* **Your assignment**: Recreate the listing that follows line for line, without pictures.
*** Opening Information shown ***
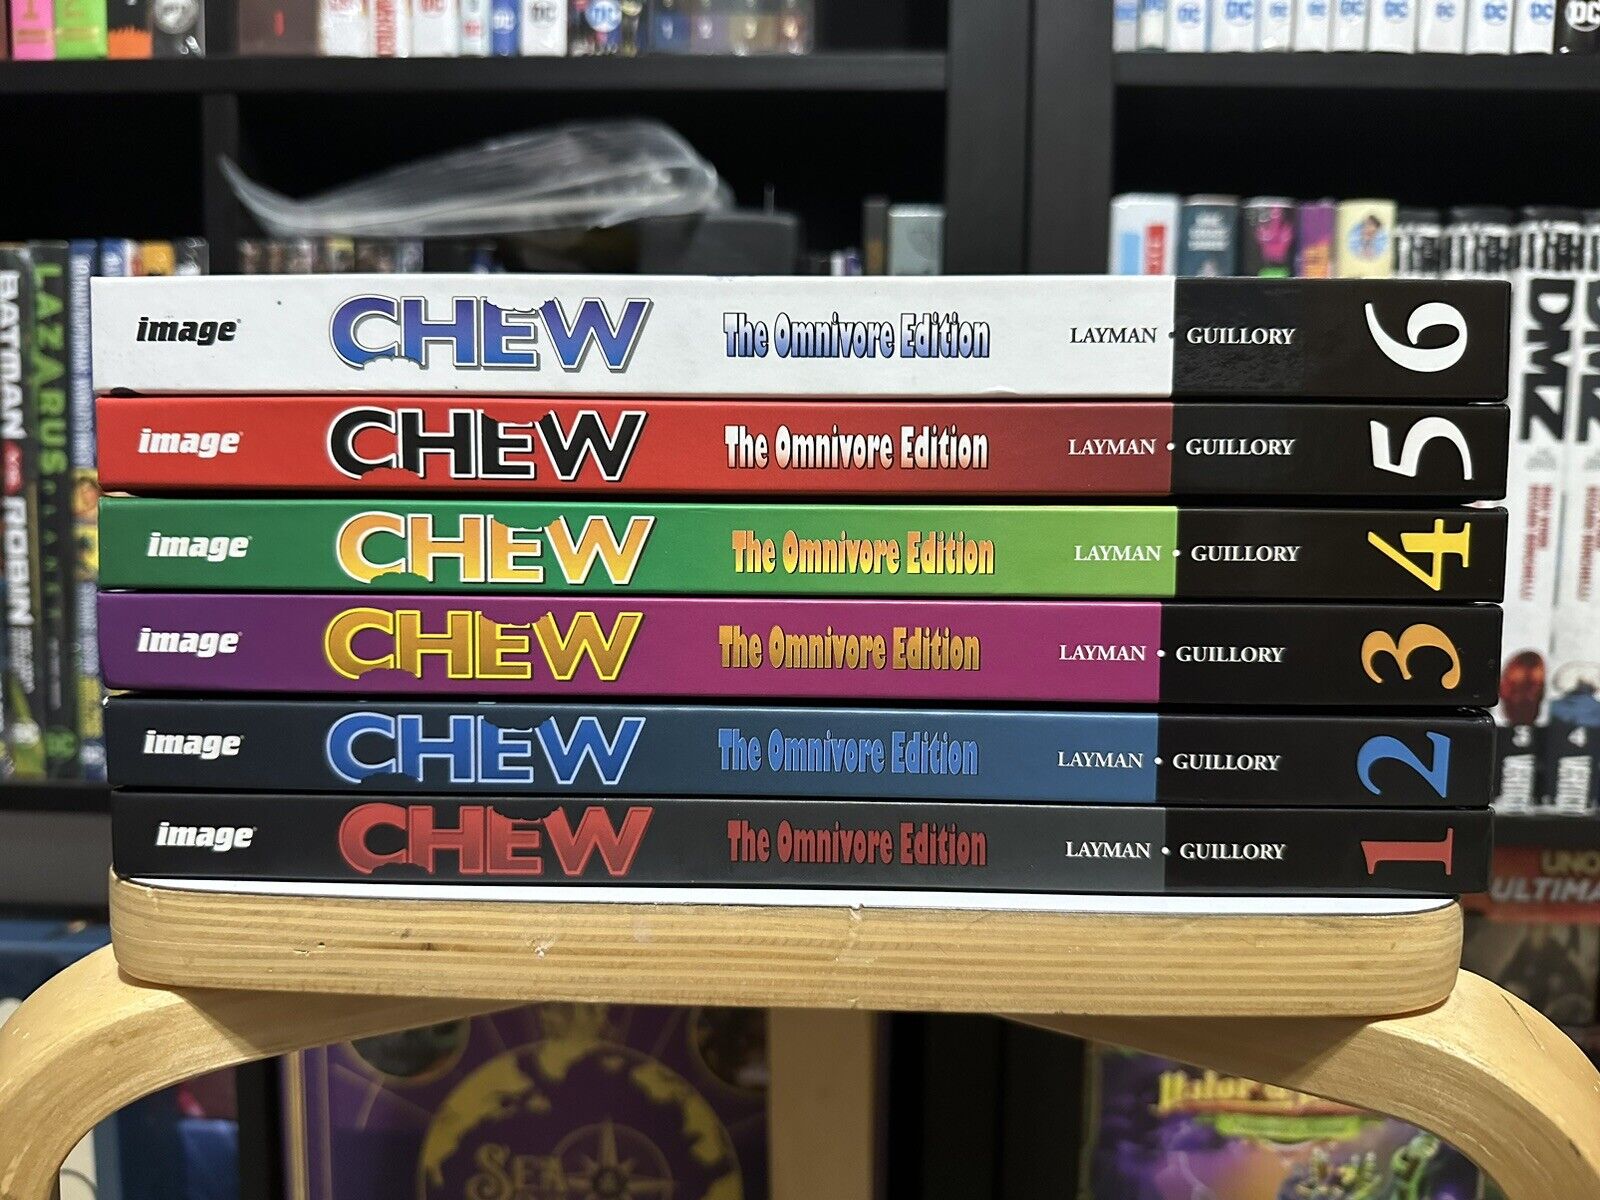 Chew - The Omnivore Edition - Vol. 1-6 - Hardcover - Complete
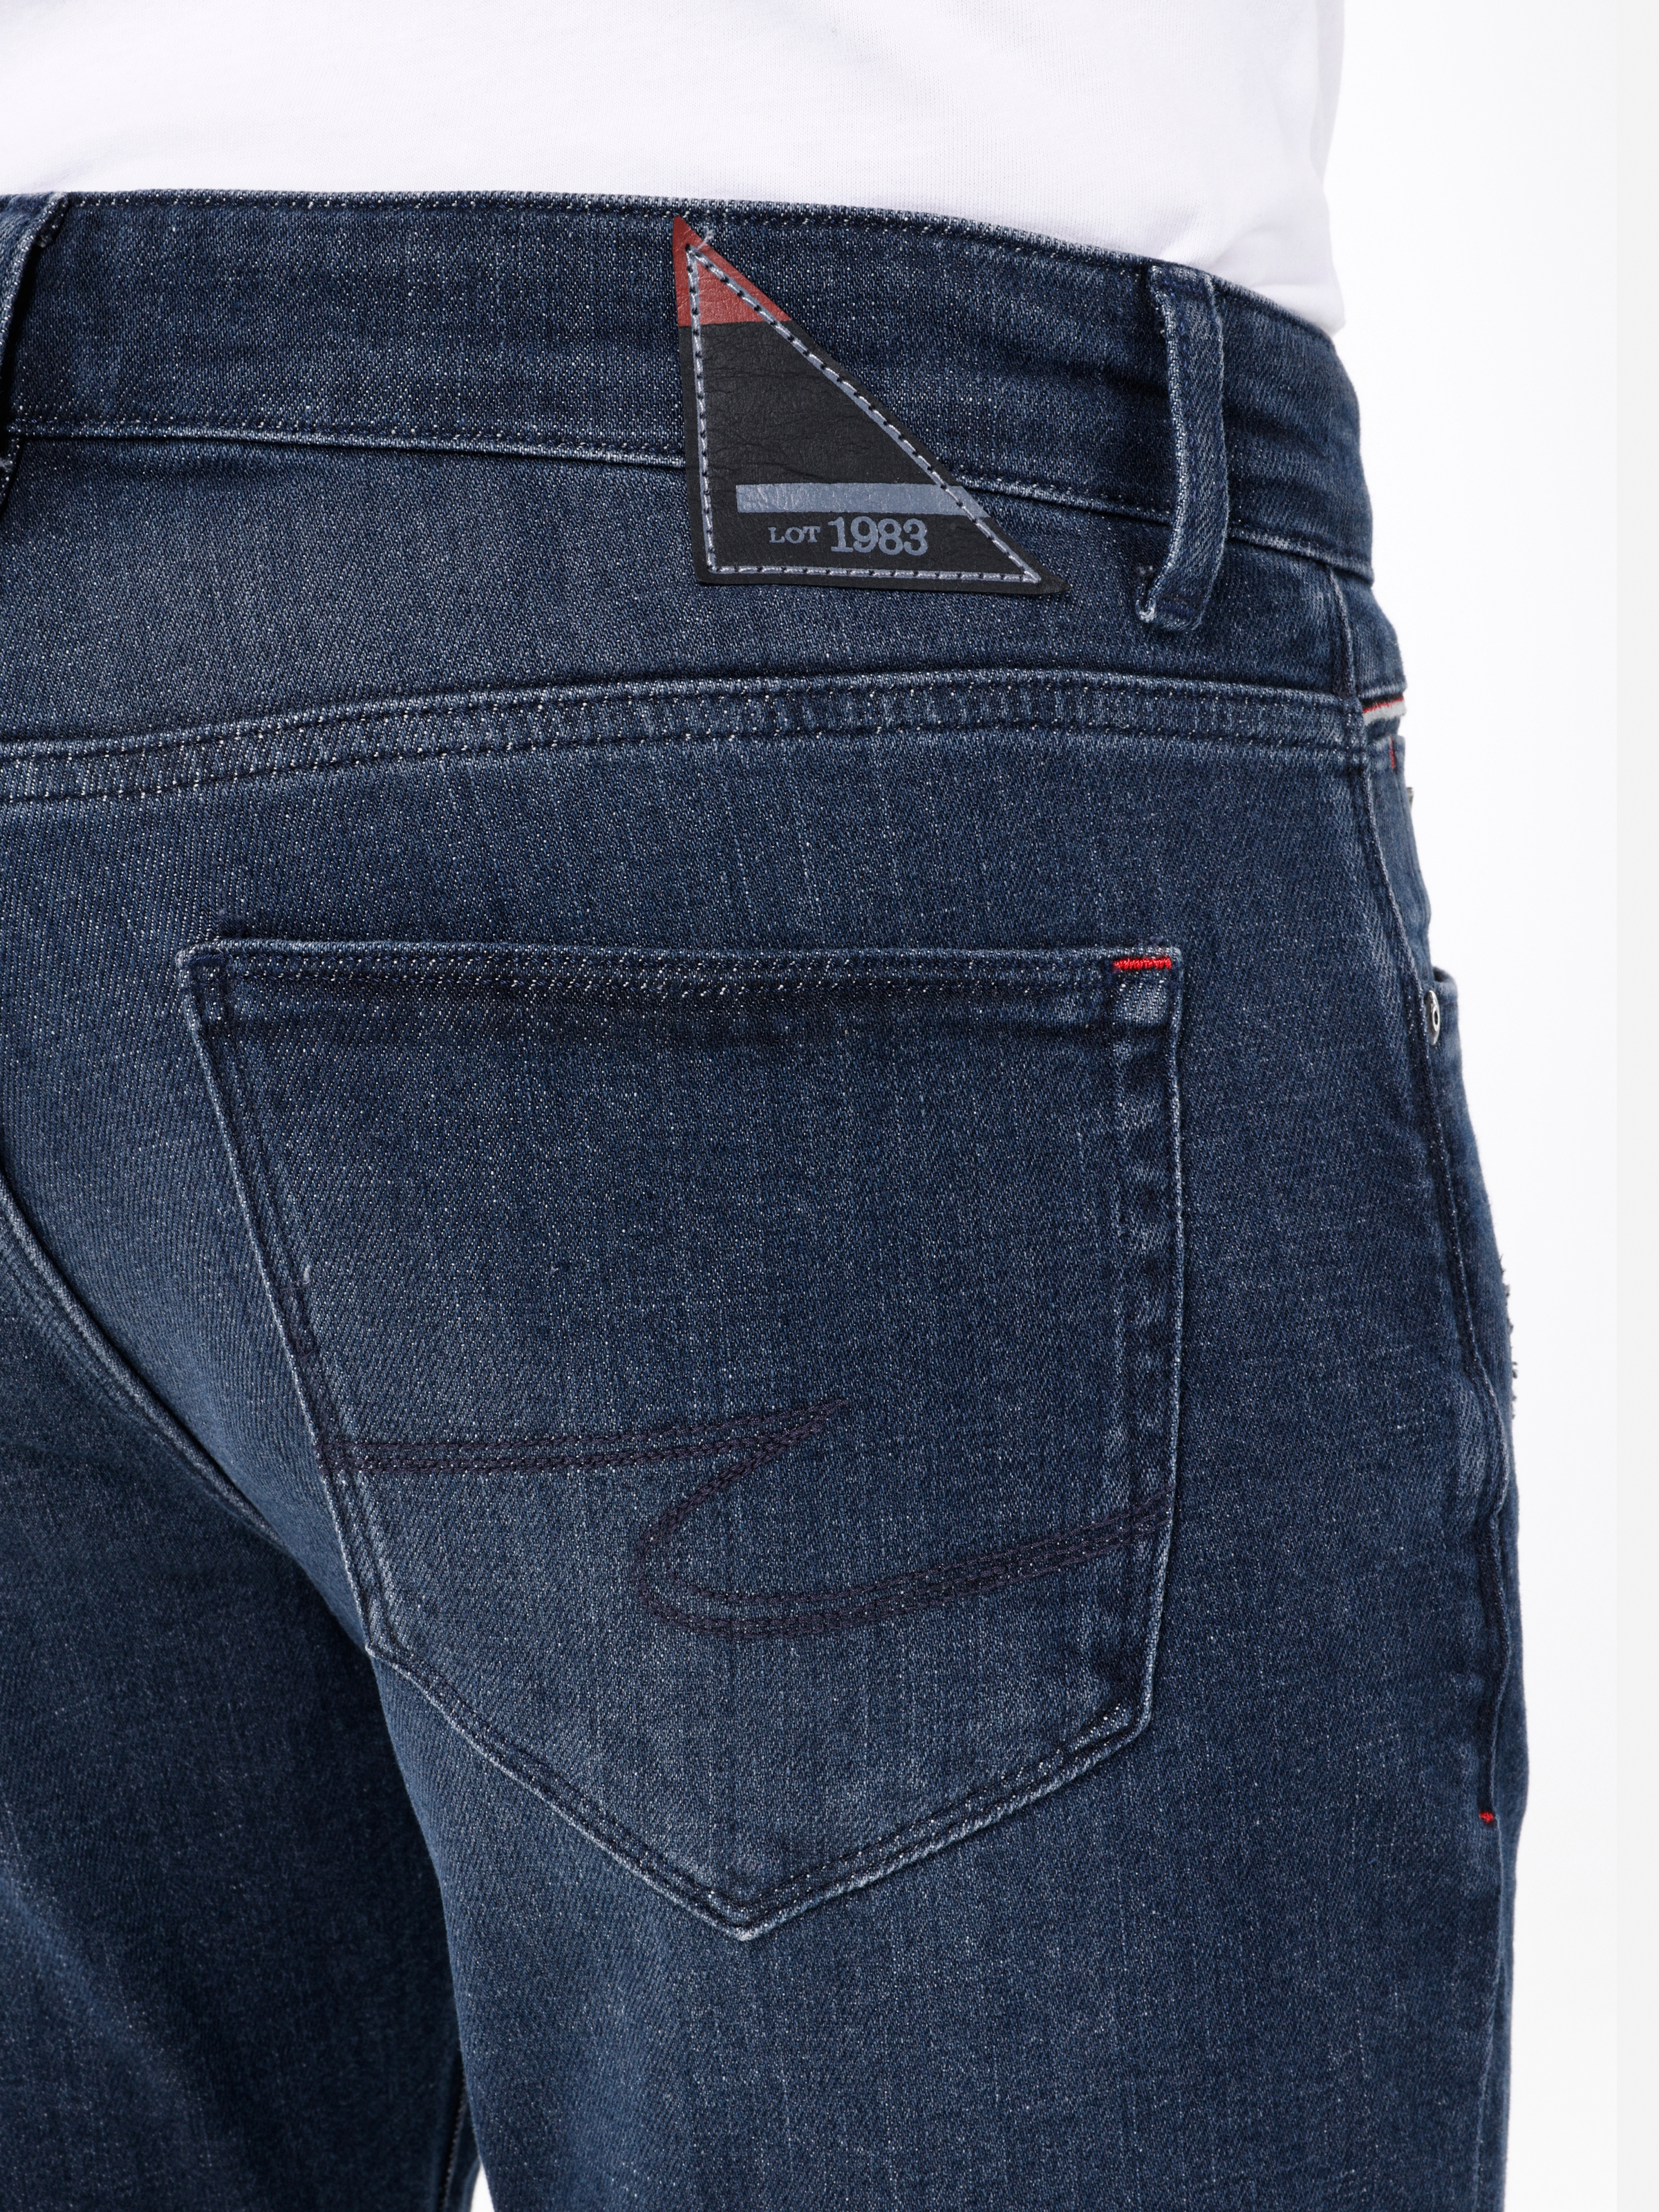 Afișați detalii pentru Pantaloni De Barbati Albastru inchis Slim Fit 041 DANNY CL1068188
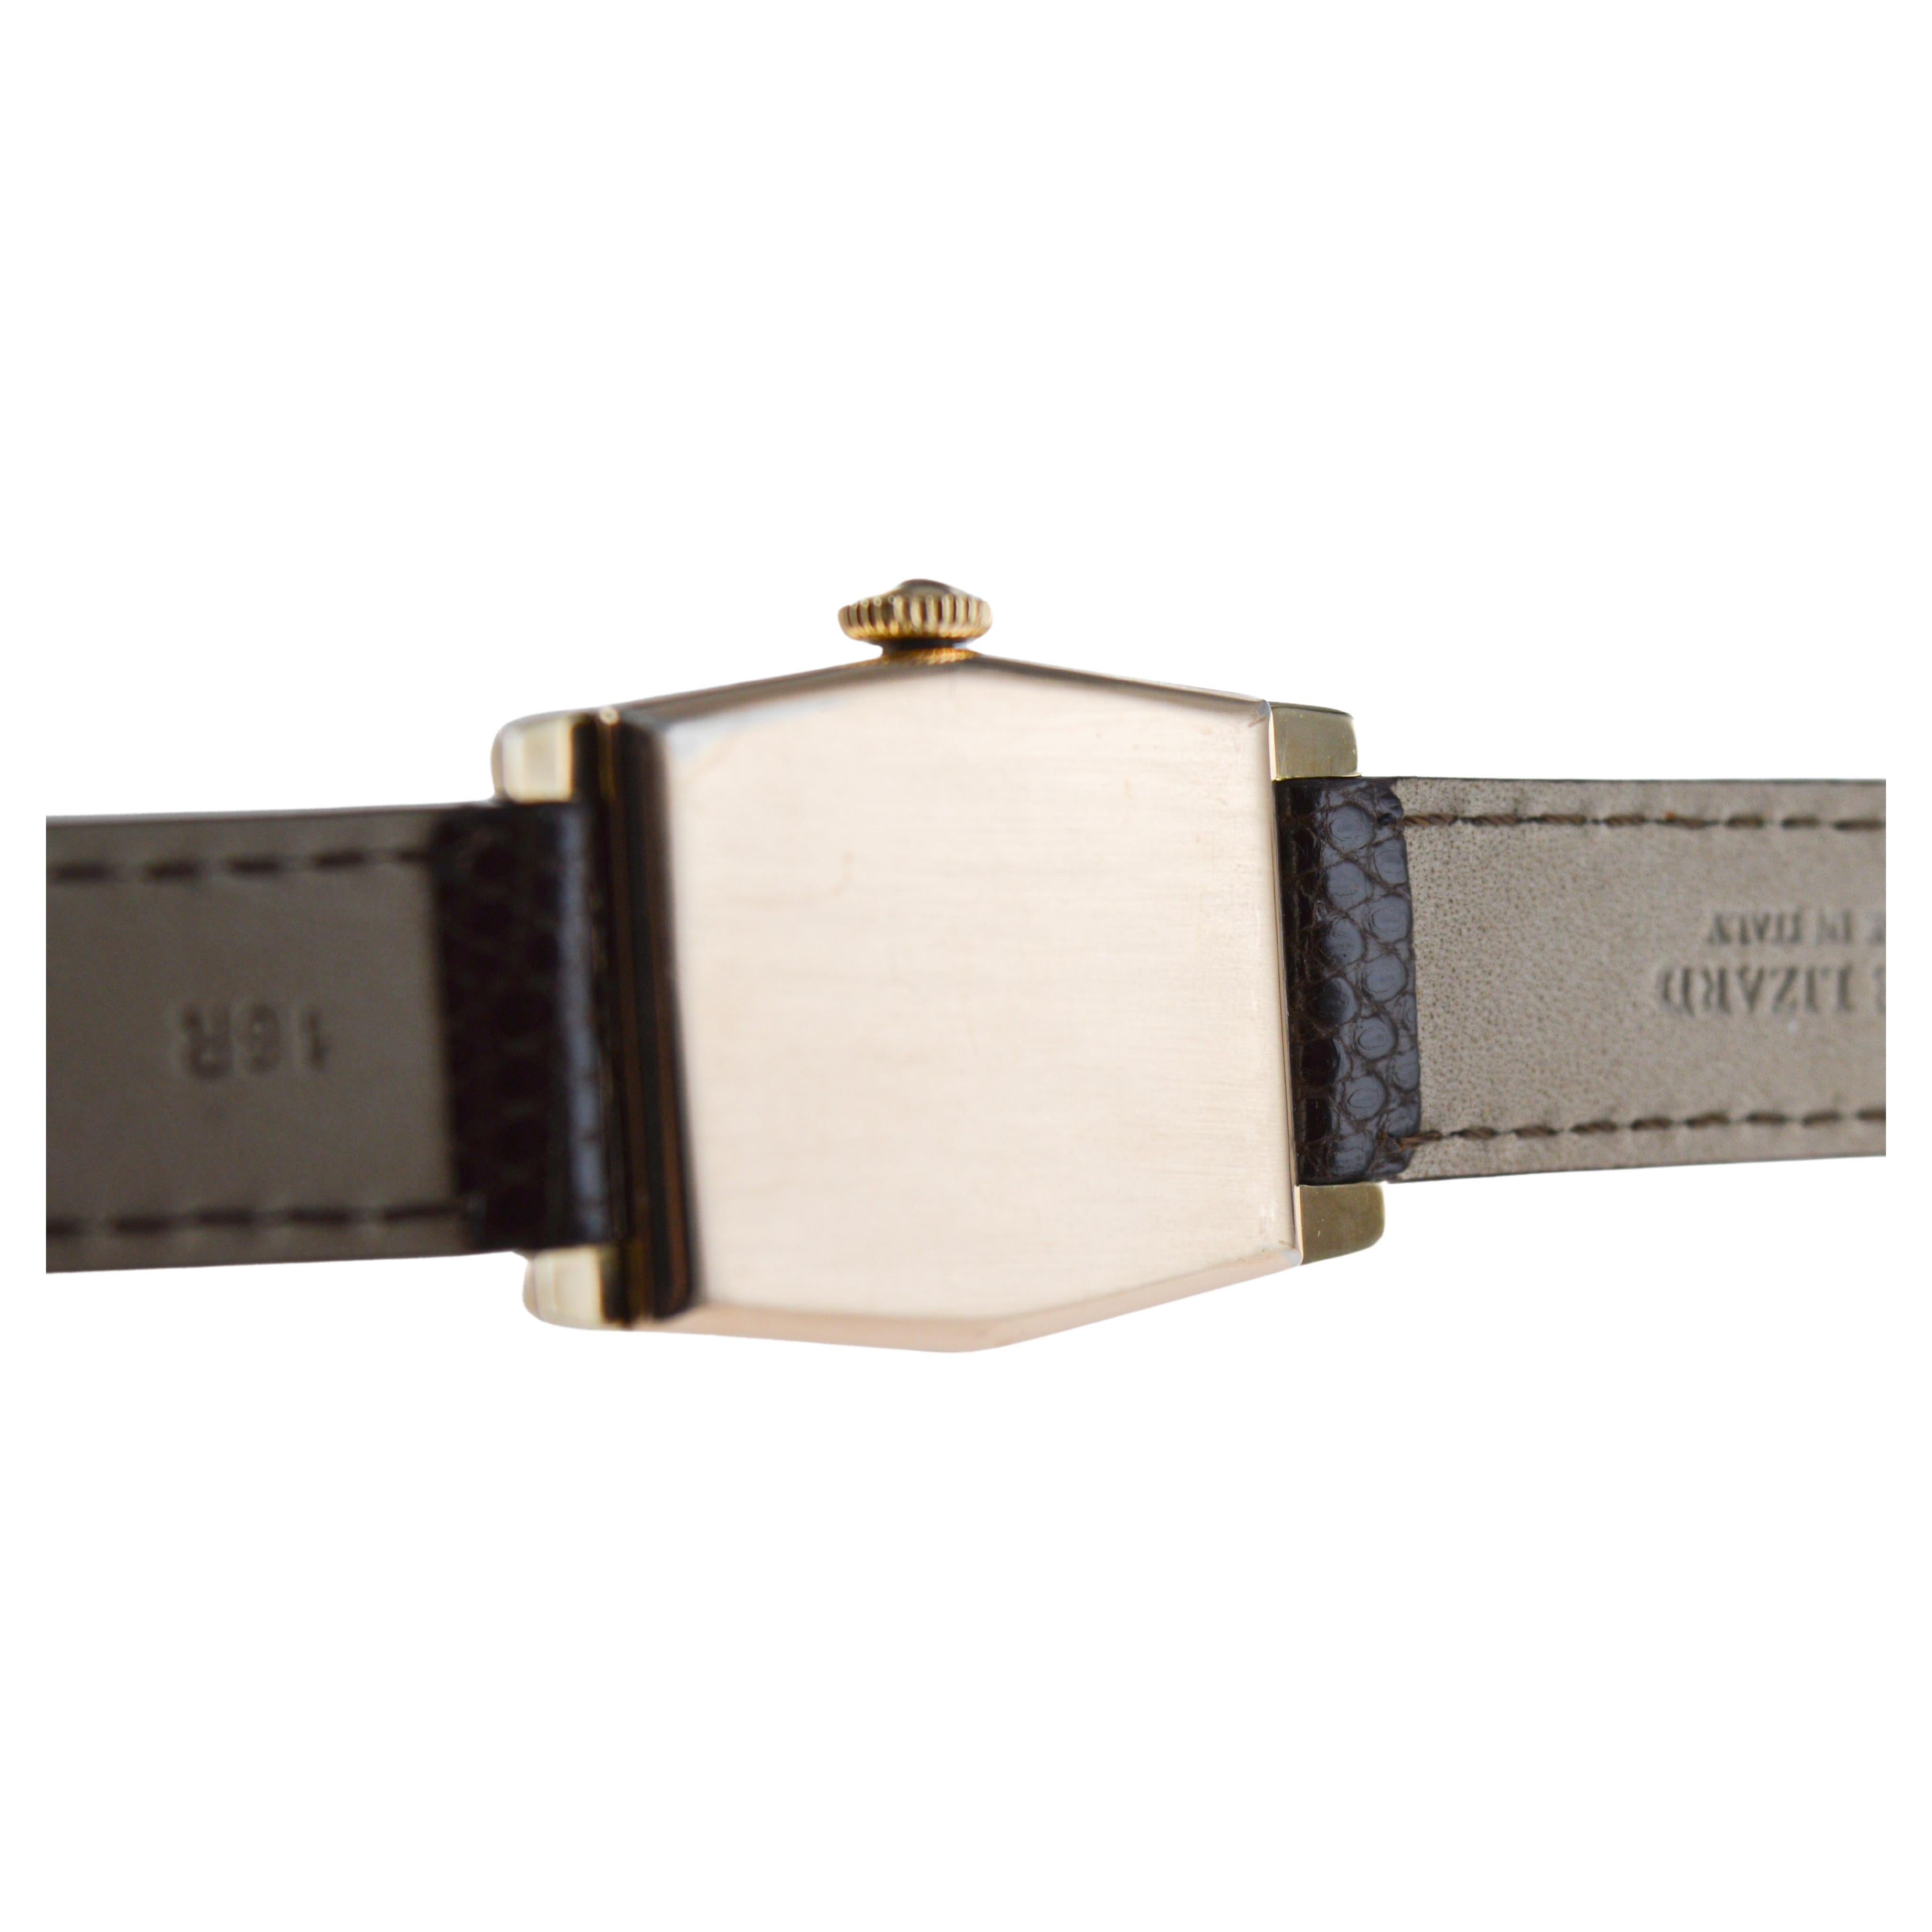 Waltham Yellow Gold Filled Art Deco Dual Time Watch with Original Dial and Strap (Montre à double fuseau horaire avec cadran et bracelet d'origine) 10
*** Closing Information shown ***
* **Expected answer**:
 Chew - The Omnivore Edition - Vol. 1-6 - Hardcover - Complete
 Afișați detalii pentru Pantaloni De Barbati Albastru inchis Slim Fit 041 DANNY CL1068188
 Waltham Yellow Gold Filled Art Deco Dual Time Watch with Original Dial and Strap (Montre à double fuseau horaire avec cadran et bracelet d'origine) 10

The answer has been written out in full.